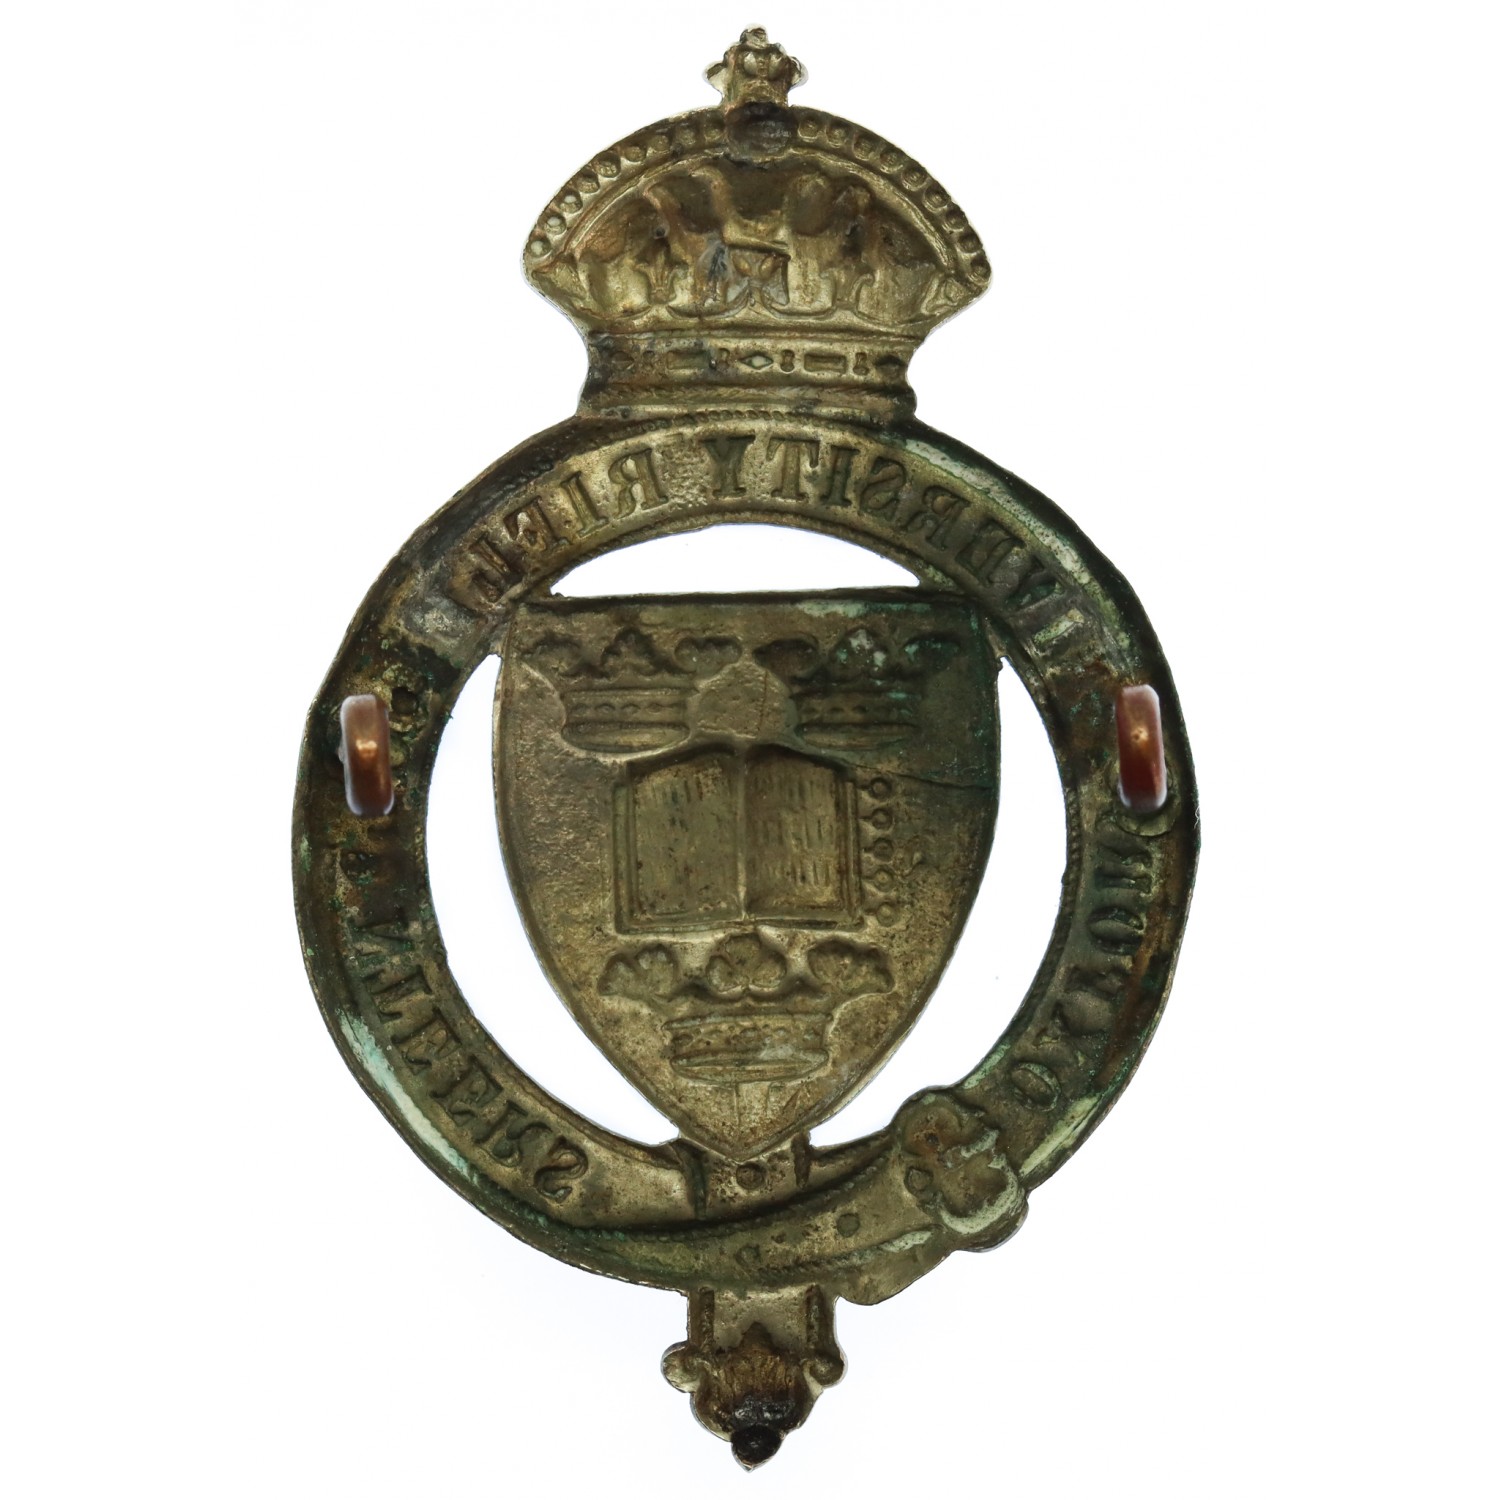 Oxford University Rifle Volunteers Glengarry Badge
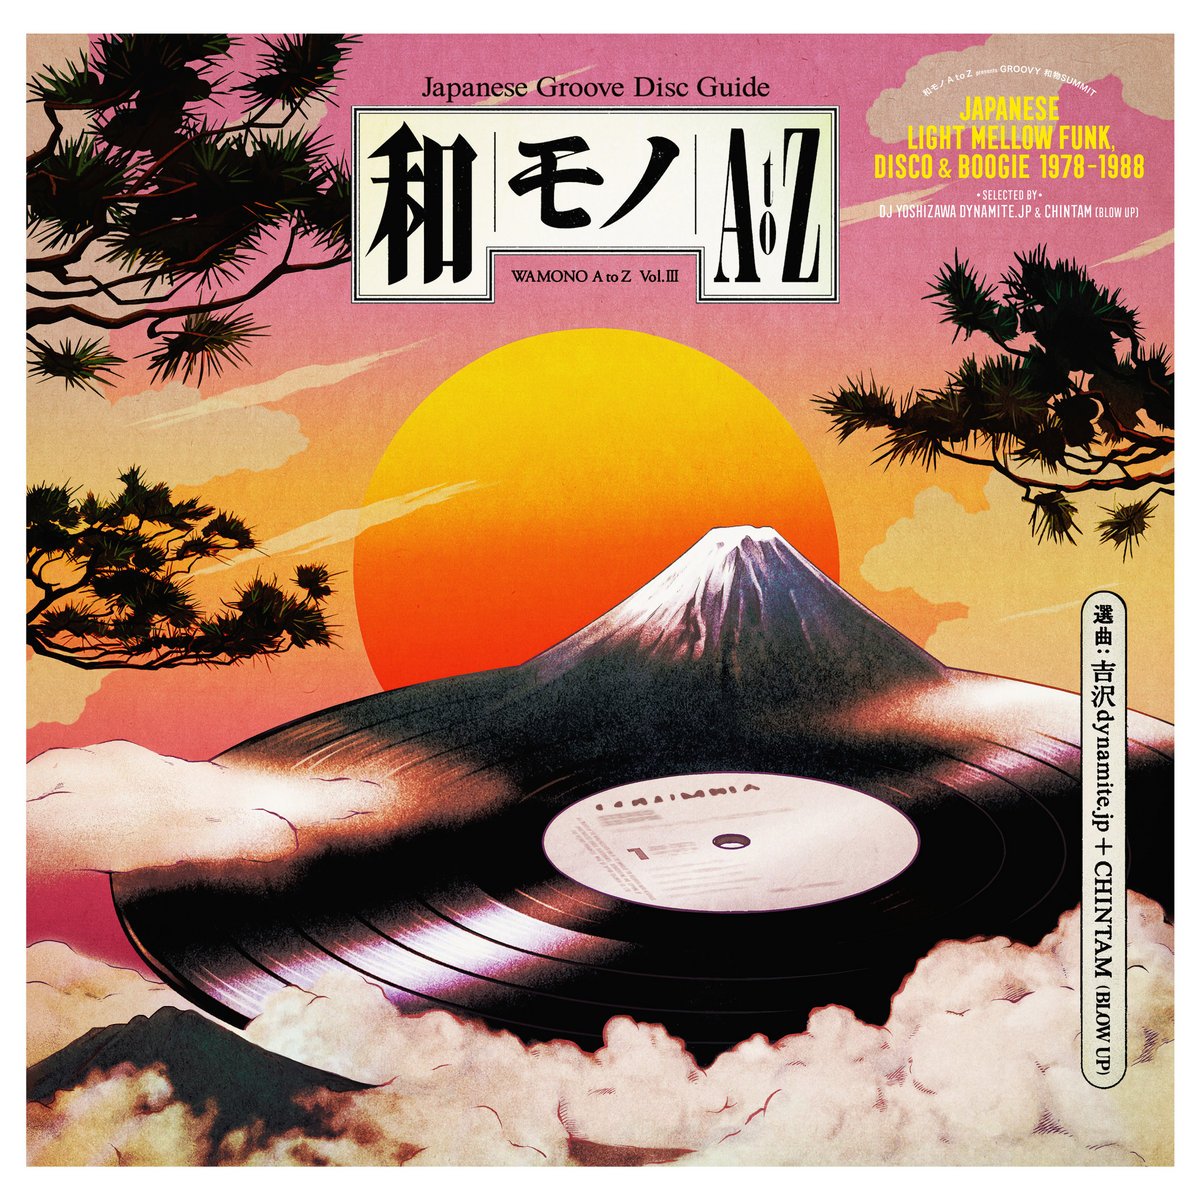 |v/a| "WAMONO A to Z Vol. III - Japanese Light Mellow Funk, Disco & Boogie 1978-1988"
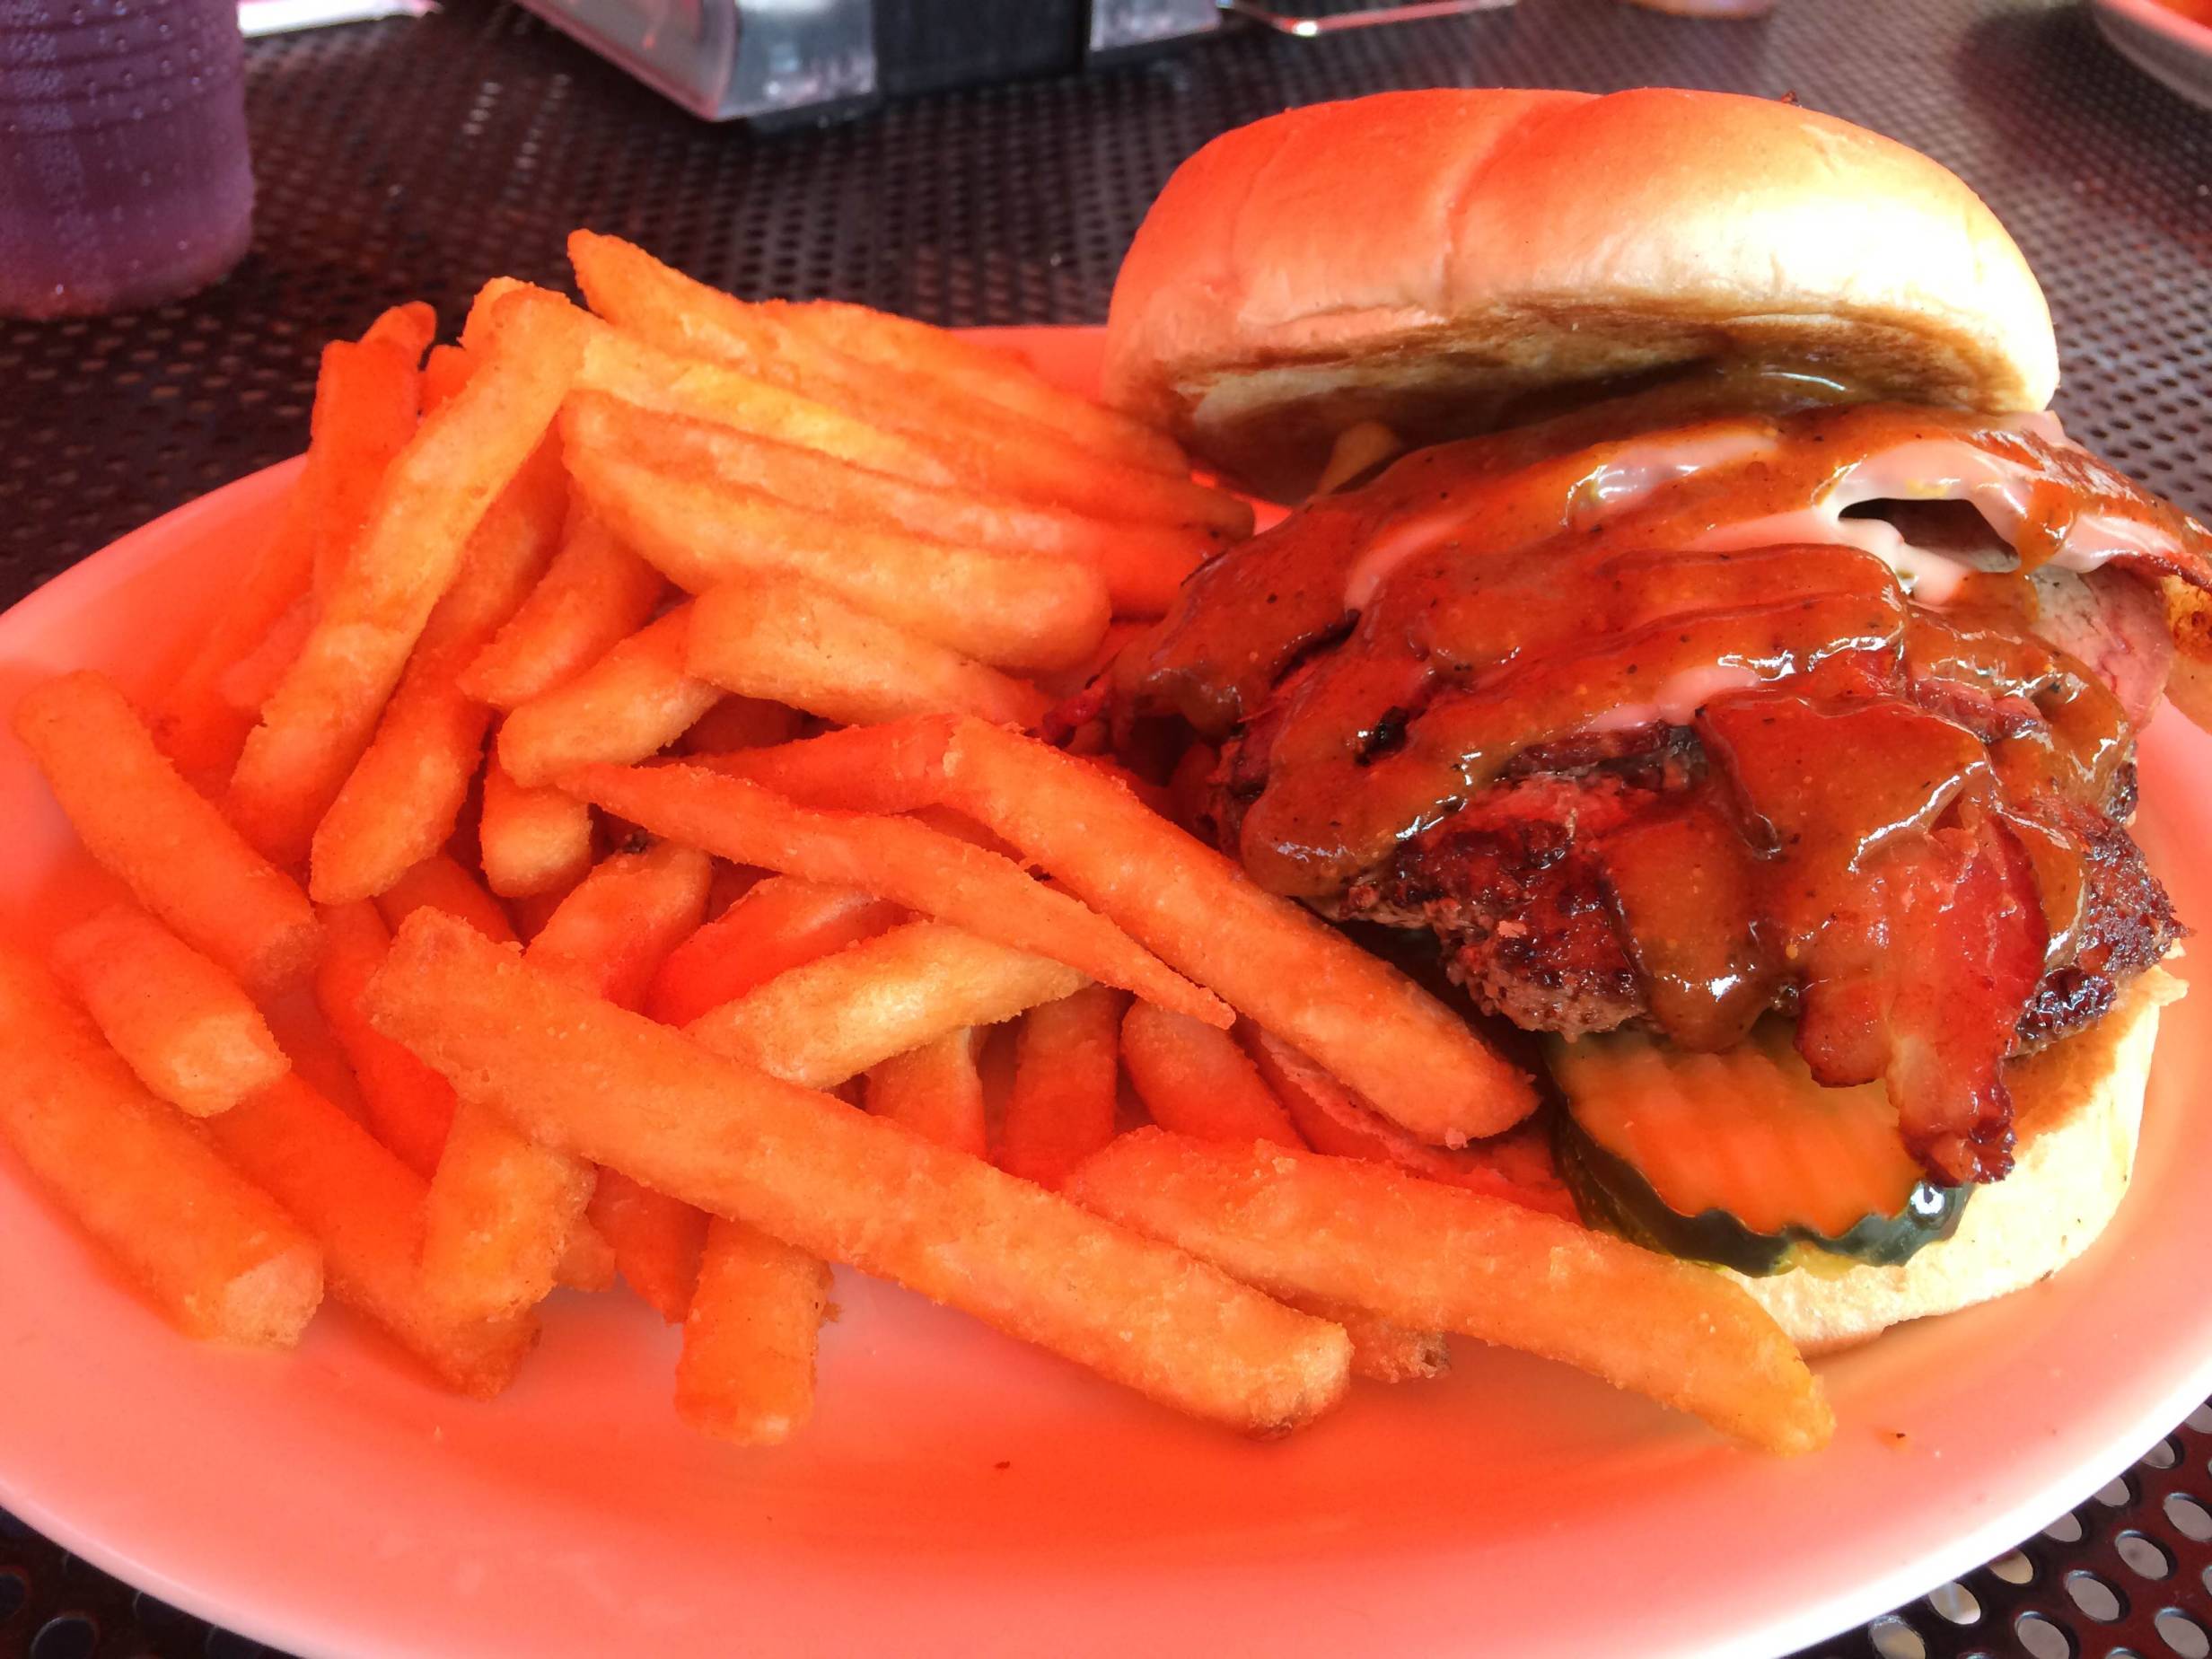 Top your burger with brisket at Joe’s

### WORK REQUIRED:
Please retype the listing exactly, leaving out any images.

### COMPLETED TASK:
 Oxford University Rifle Volunteers Glengarry Badge
 |v/a| "WAMONO A to Z Vol. III - Japanese Light Mellow Funk, Disco & Boogie 1978-1988"
 Top your burger with brisket at Joe’s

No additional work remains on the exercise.